#### WHAT YOU SHOULD DO
Return the full listing unchanged, apart from leaving out its images.

#### DATA BLOCK
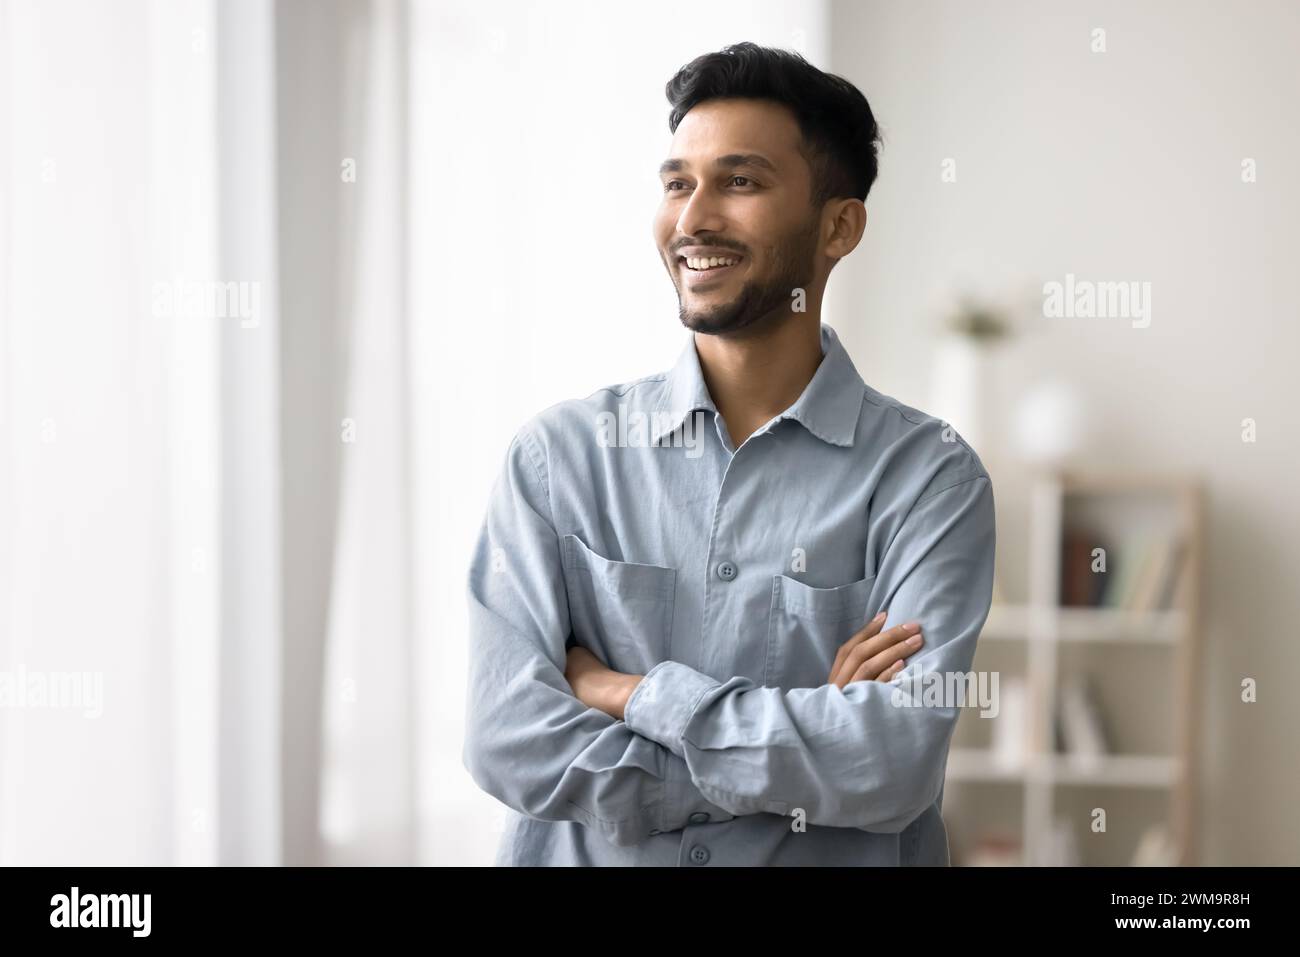 Indian man standing with arms crossed smiling looking away Stock Photo
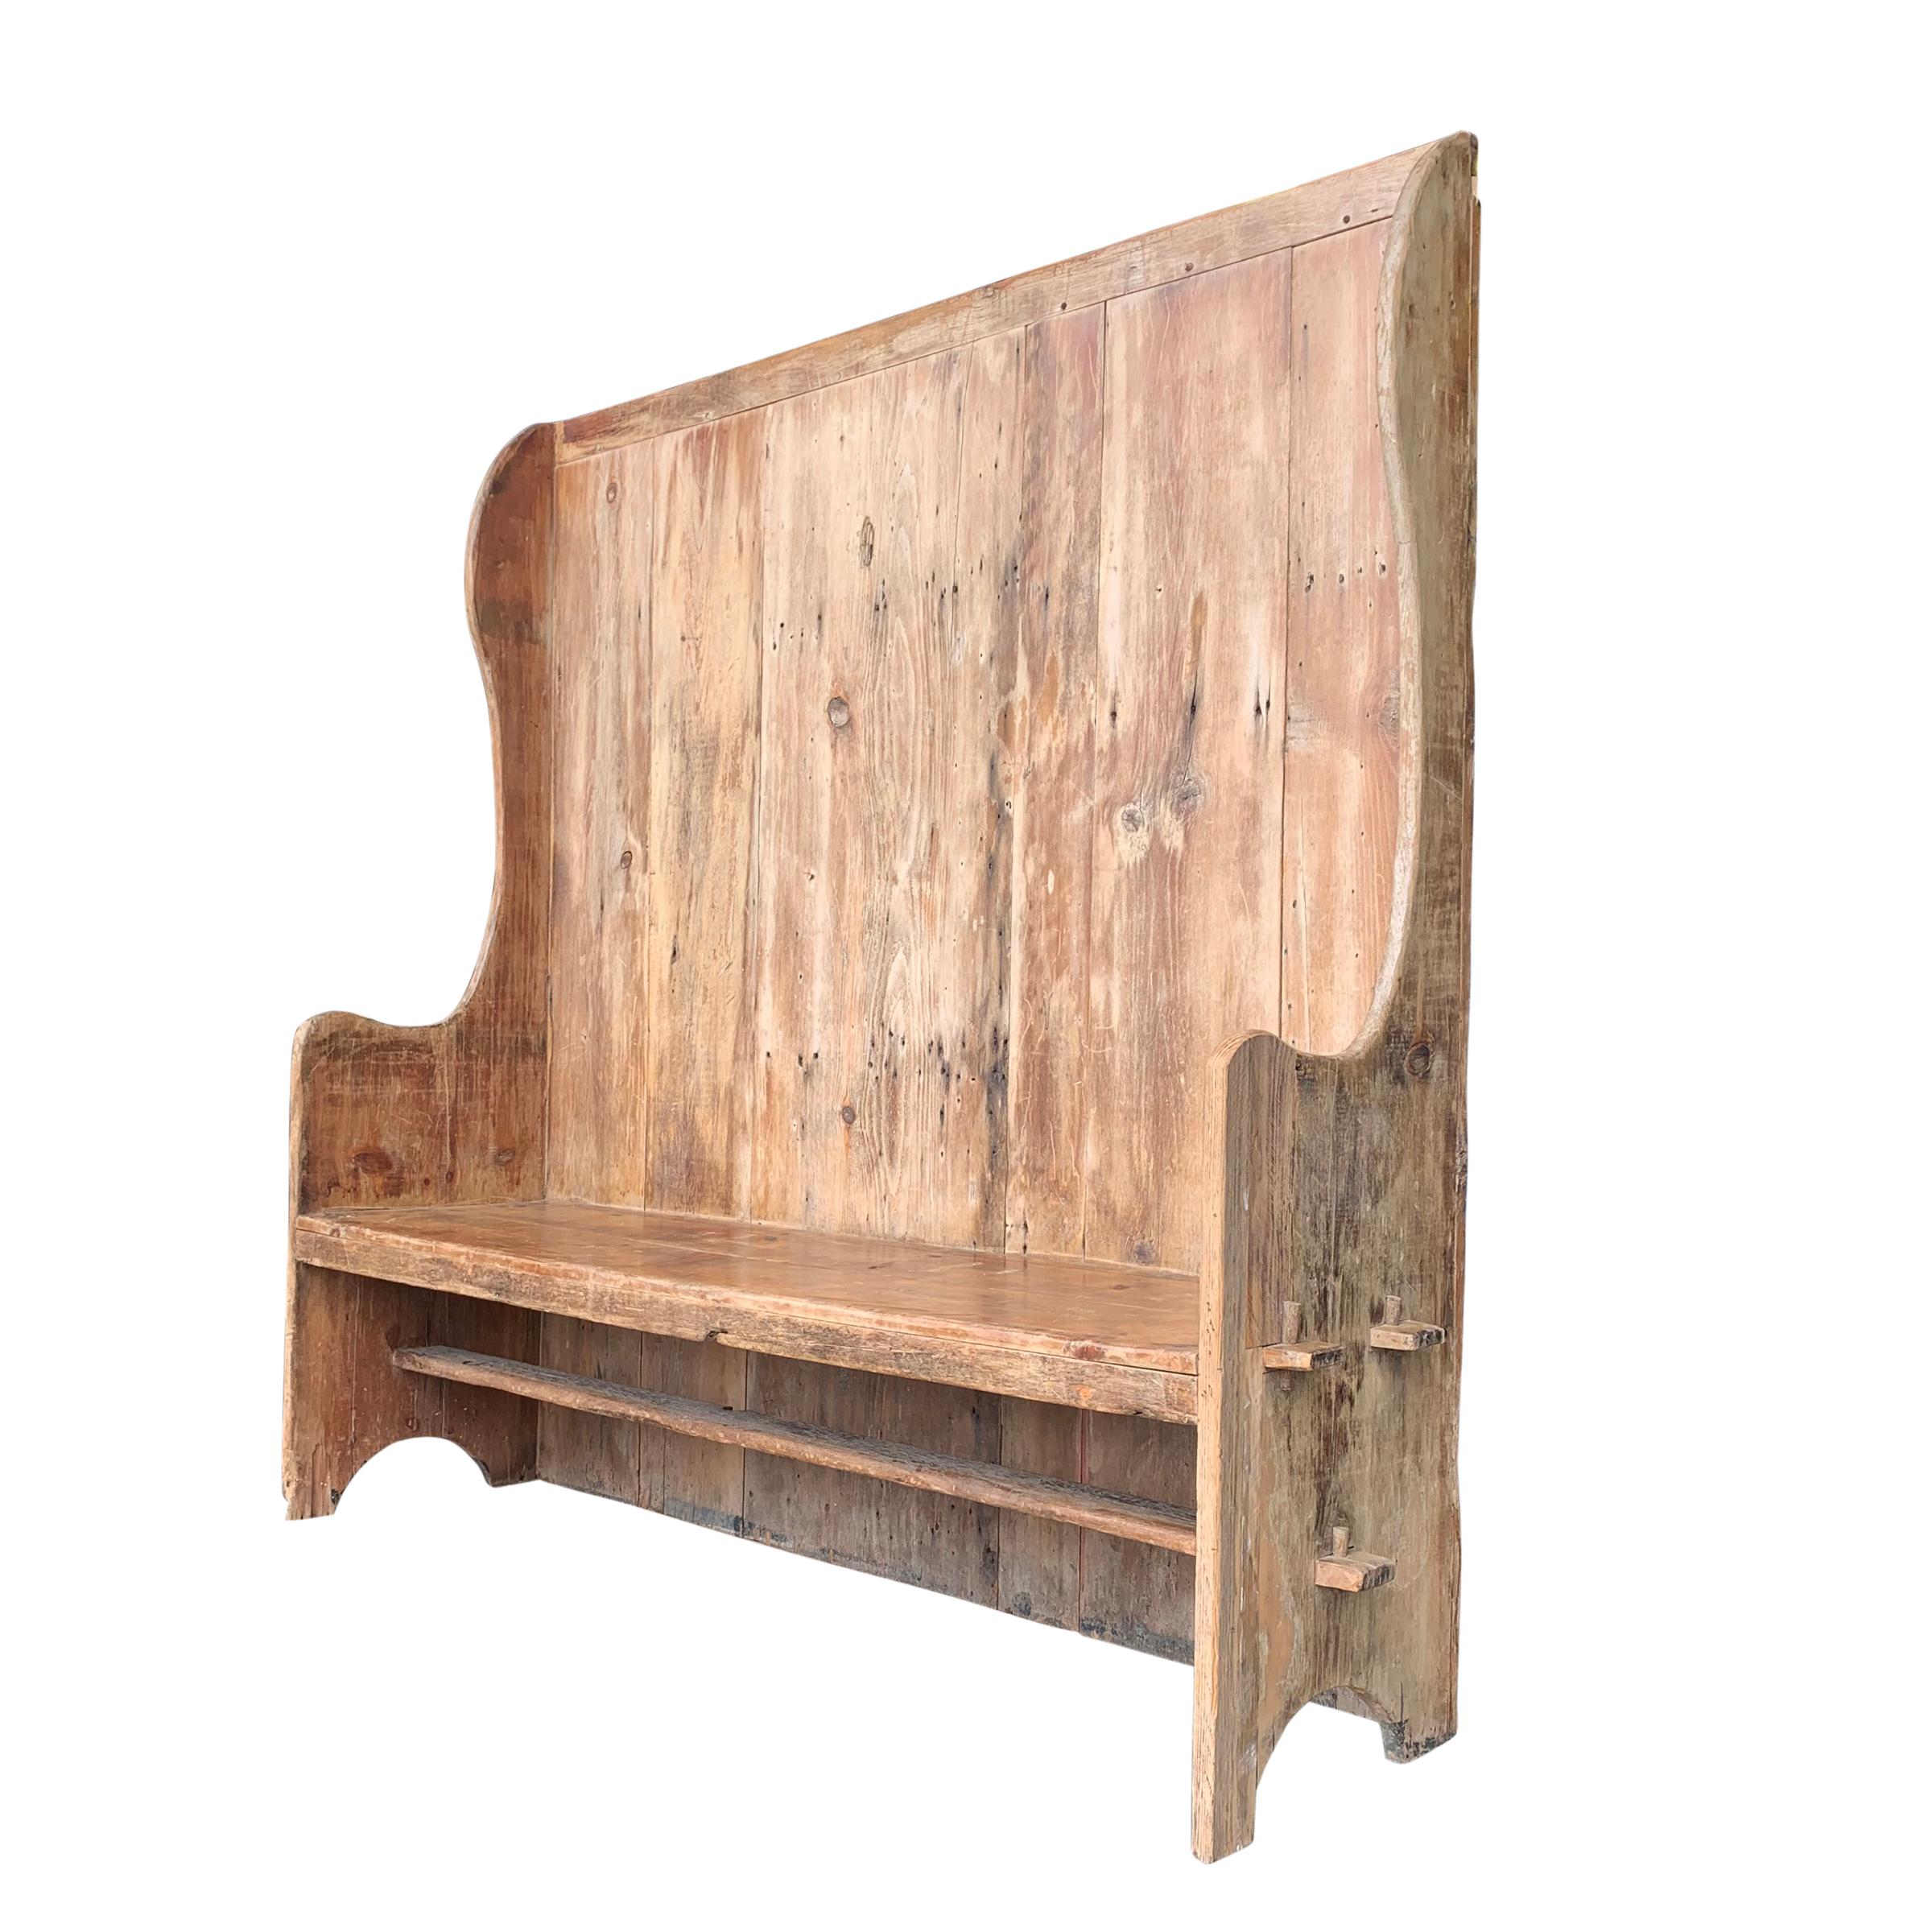 A wonderful 18th century English pine settle with a wide seat, a high back, wings, gently curved arms, and a wonderful natural patina. The seat is pegged into the sides, and is very sound!
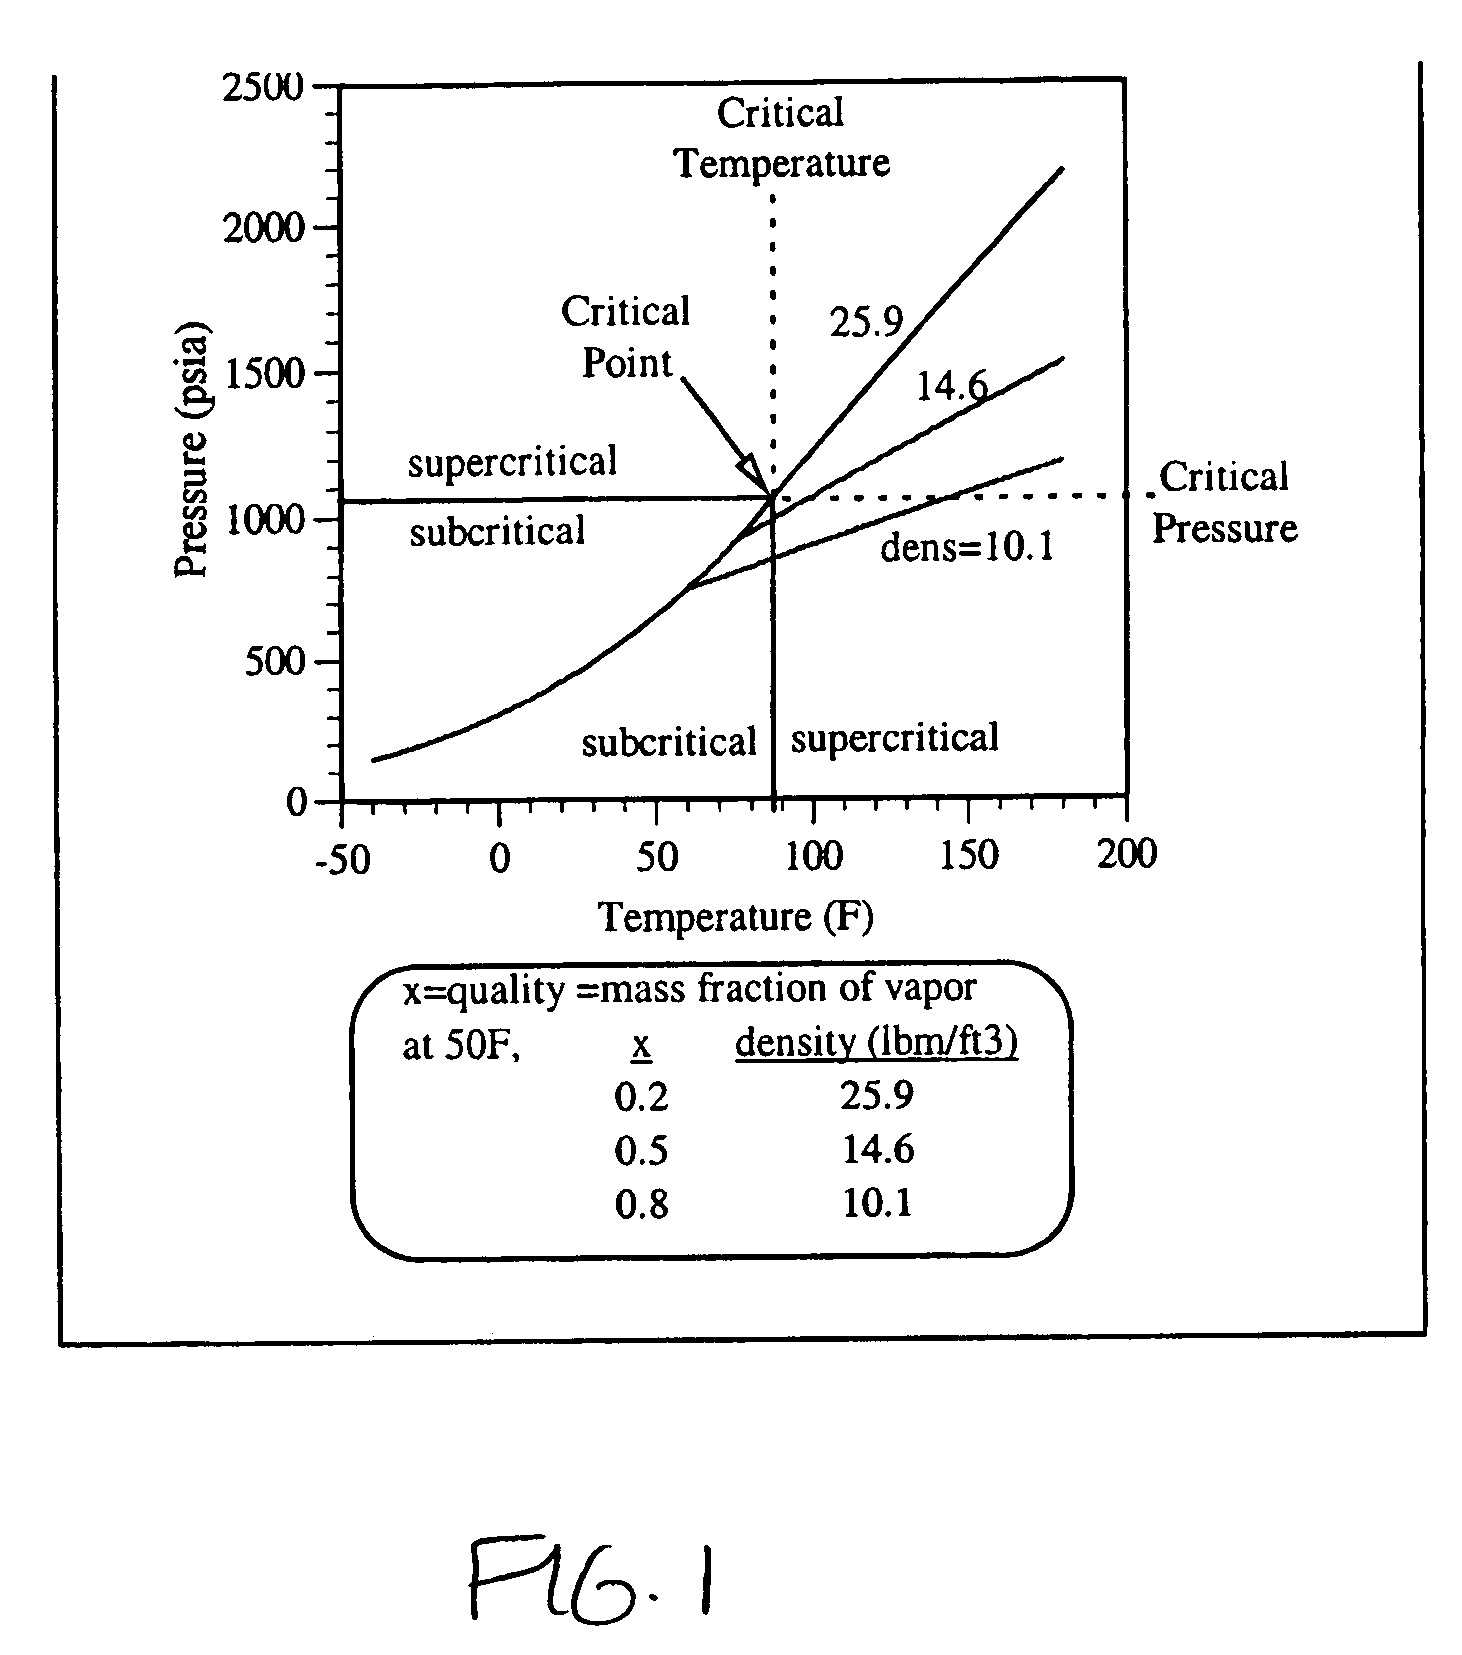 Vapor compression systems using an accumulator to prevent over-pressurization

#### THE ANSWER
 Indian man standing with arms crossed smiling looking away Stock Photo
 A wonderful 18th century English pine settle with a wide seat, a high back, wings, gently curved arms, and a wonderful natural patina. The seat is pegged into the sides, and is very sound!
 Vapor compression systems using an accumulator to prevent over-pressurization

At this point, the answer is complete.